[DATASET EXTRACT Boundary: Start]
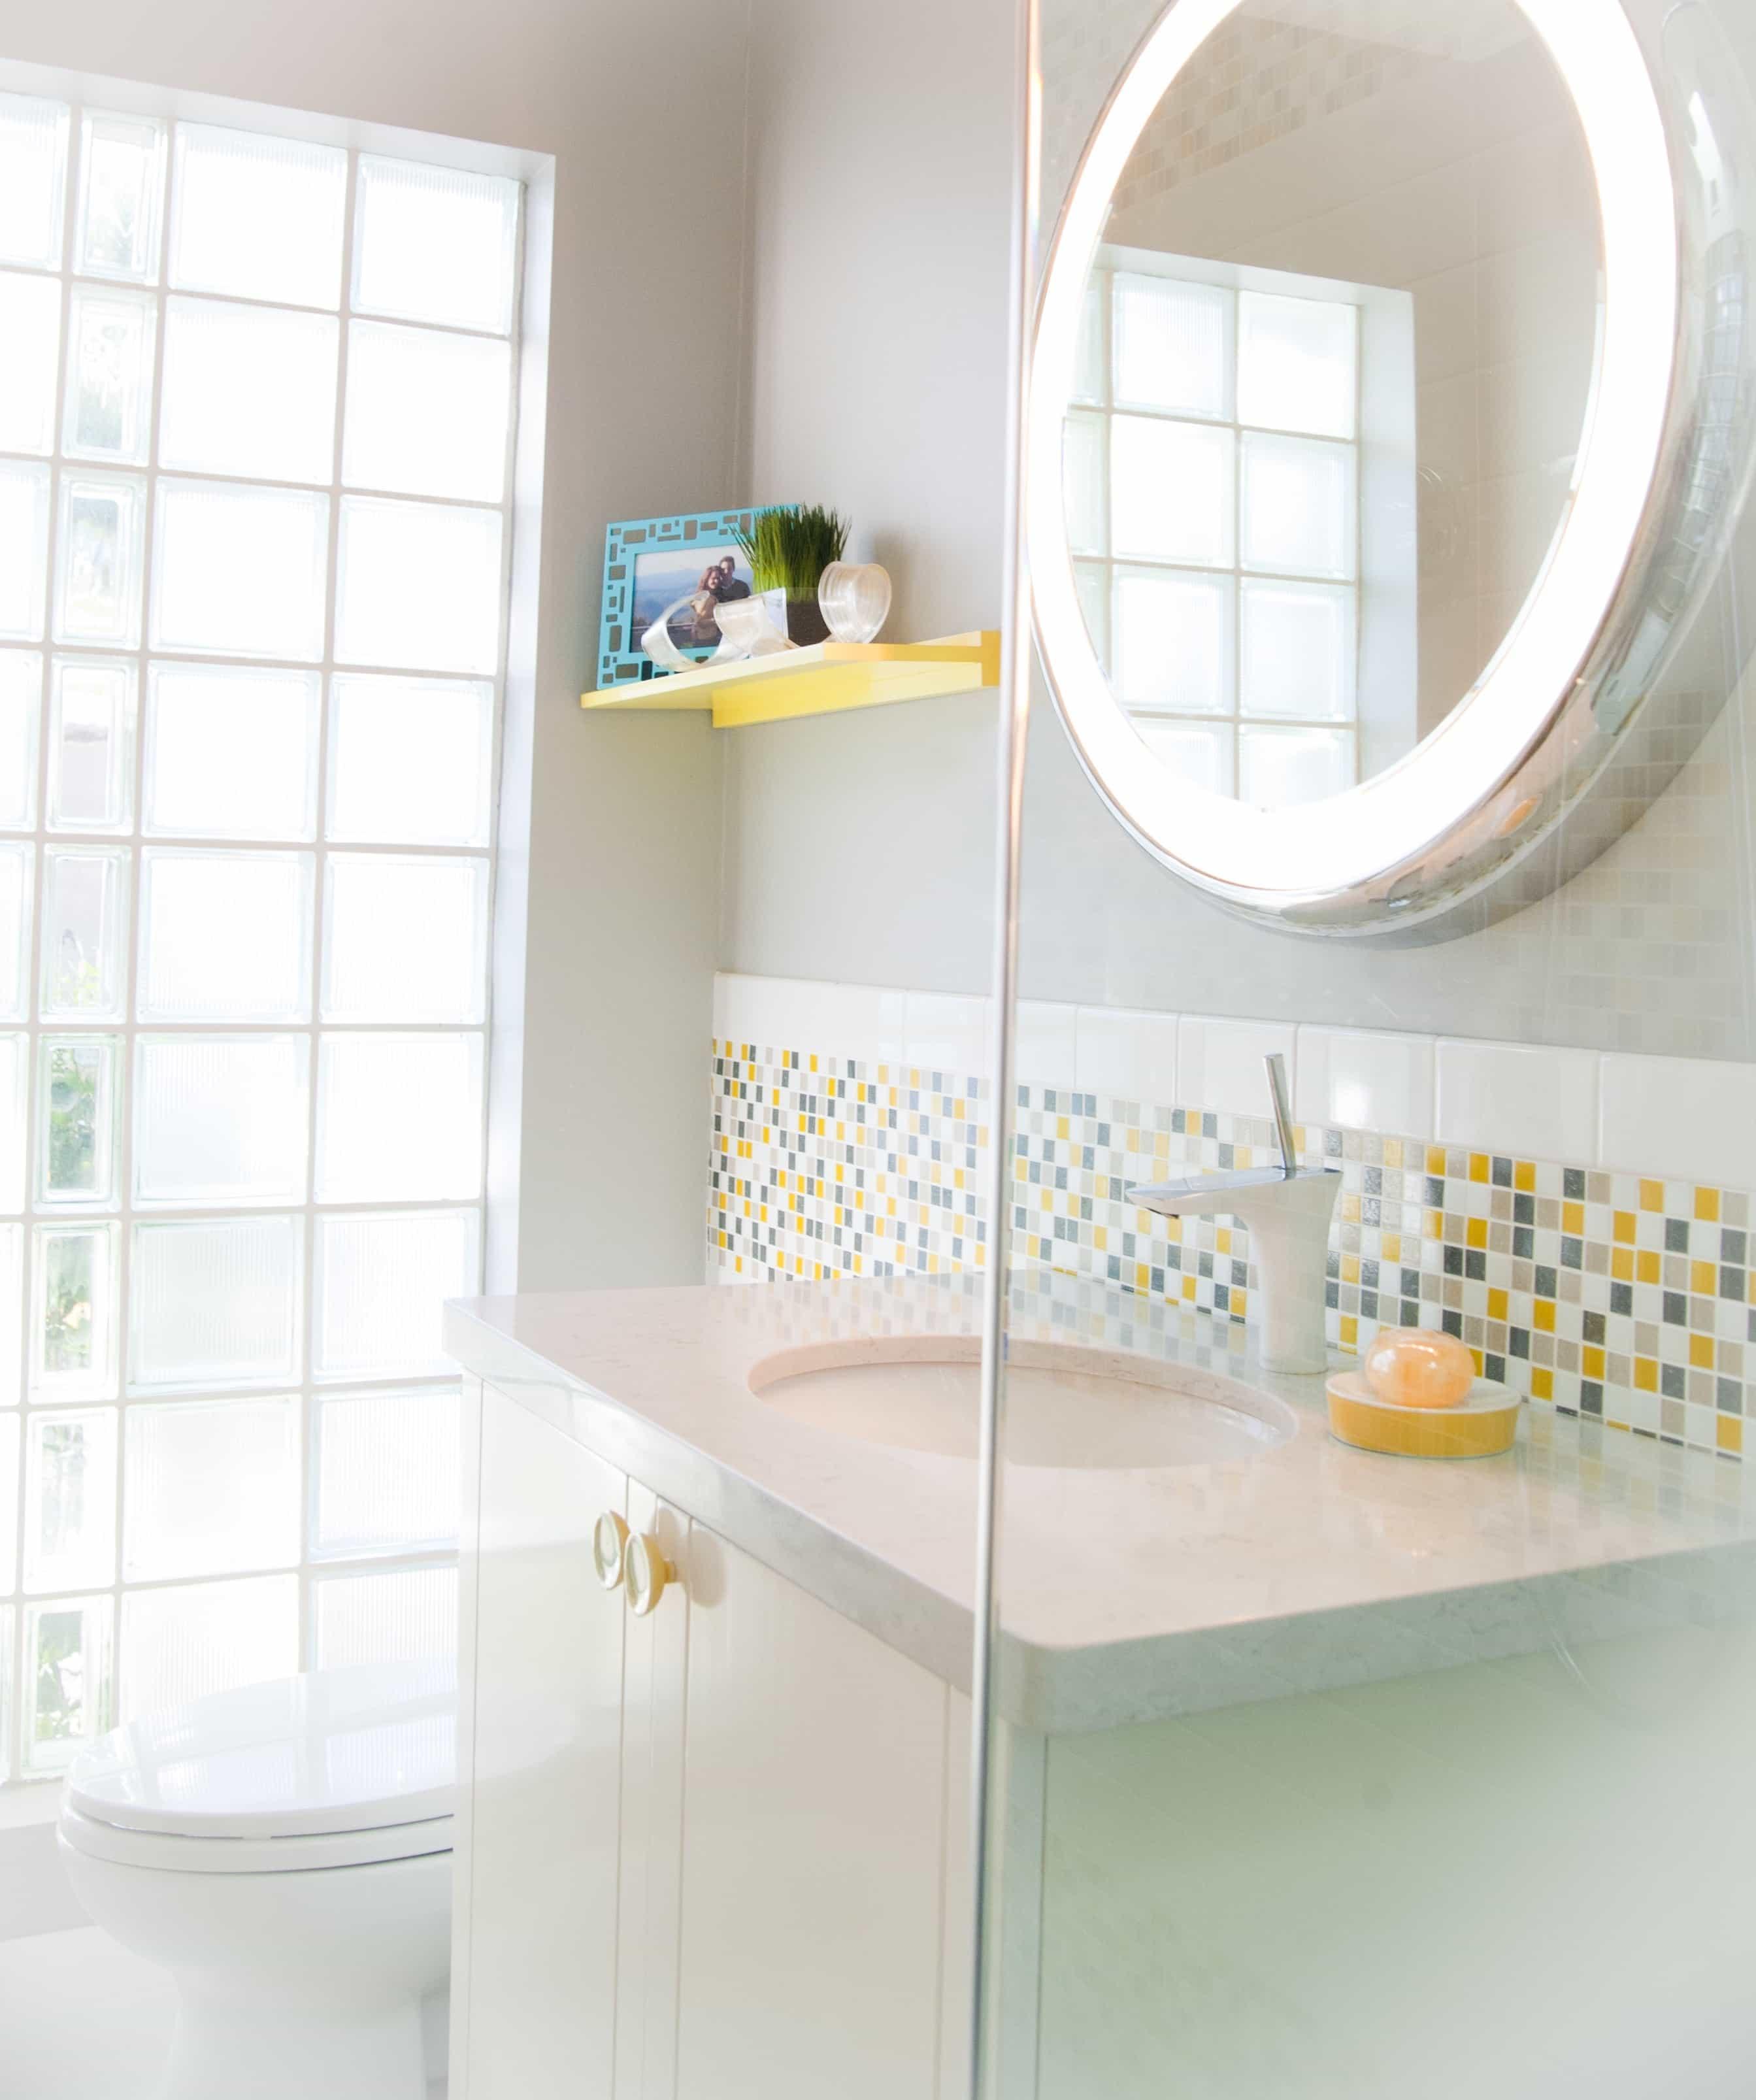 Circular Illuminated Bathroom Mirror
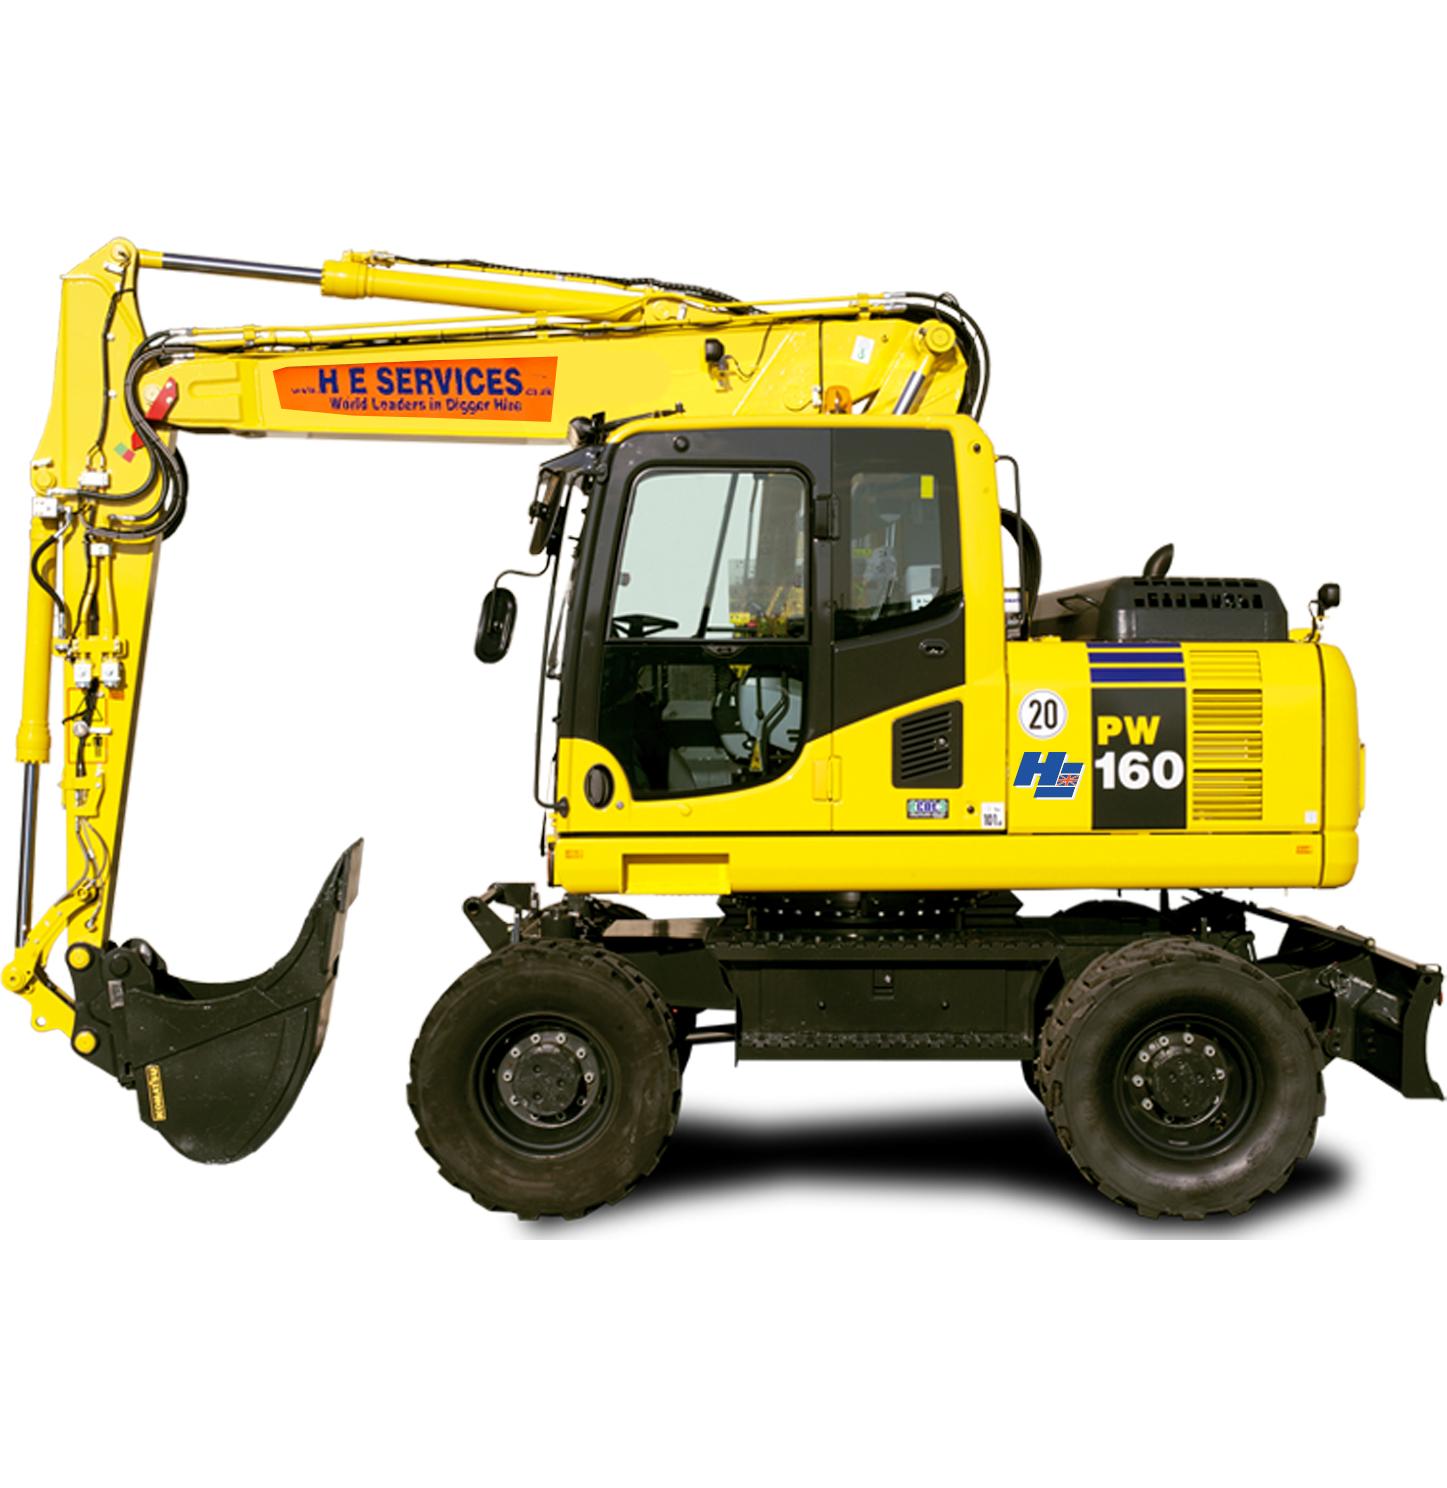 2 Piece Boom Komatsu PW160 Wheel Excavator
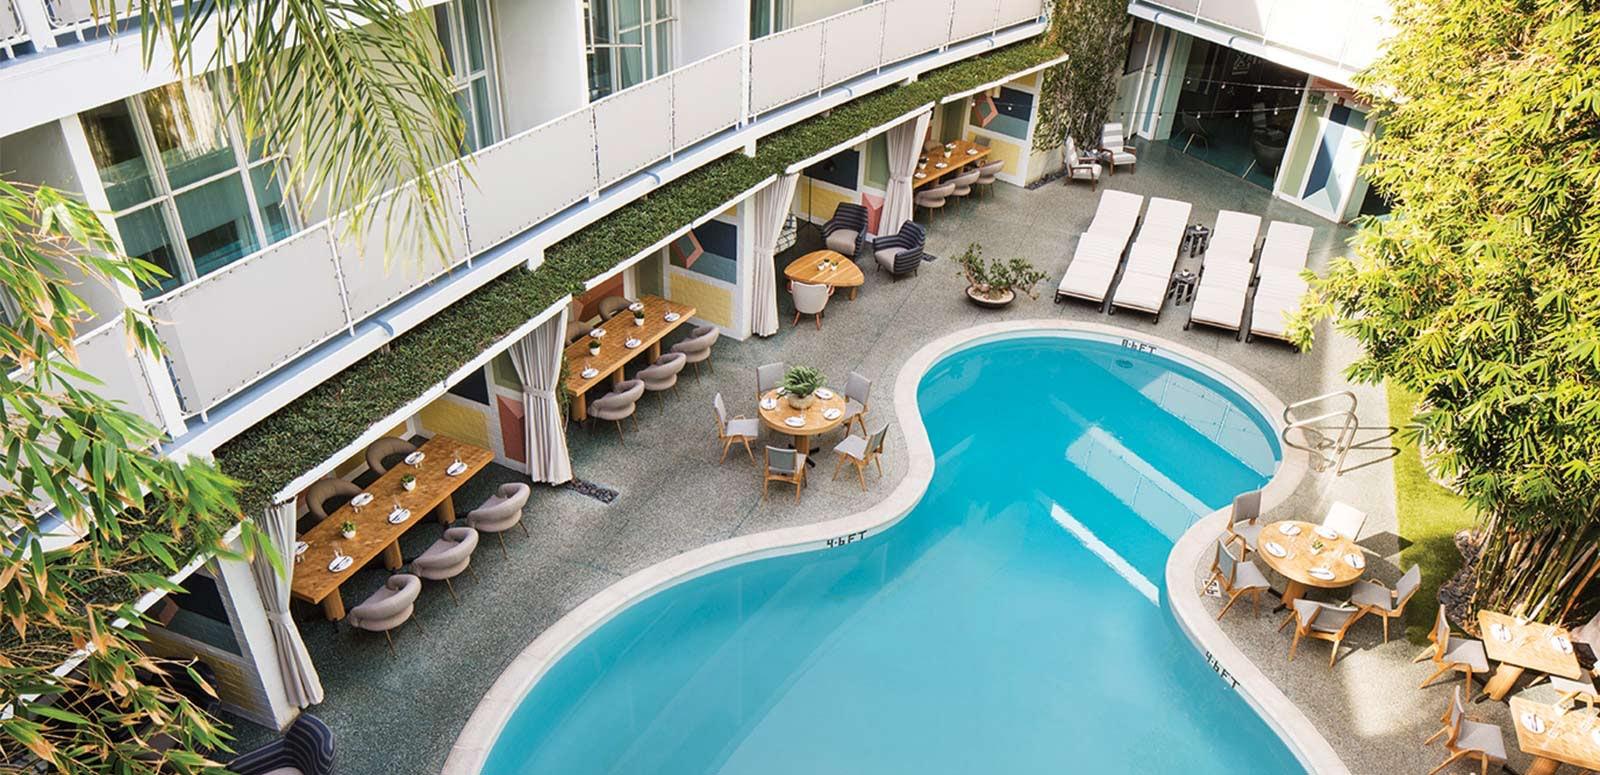 swimming pool avalon hotel
[DATASET EXTRACT Boundary: End]
ACTIVITY:
Retype the data exactly; images stay out.

OUTPUT FOR THIS TASK:
 Circular Illuminated Bathroom Mirror
 2 Piece Boom Komatsu PW160 Wheel Excavator
 swimming pool avalon hotel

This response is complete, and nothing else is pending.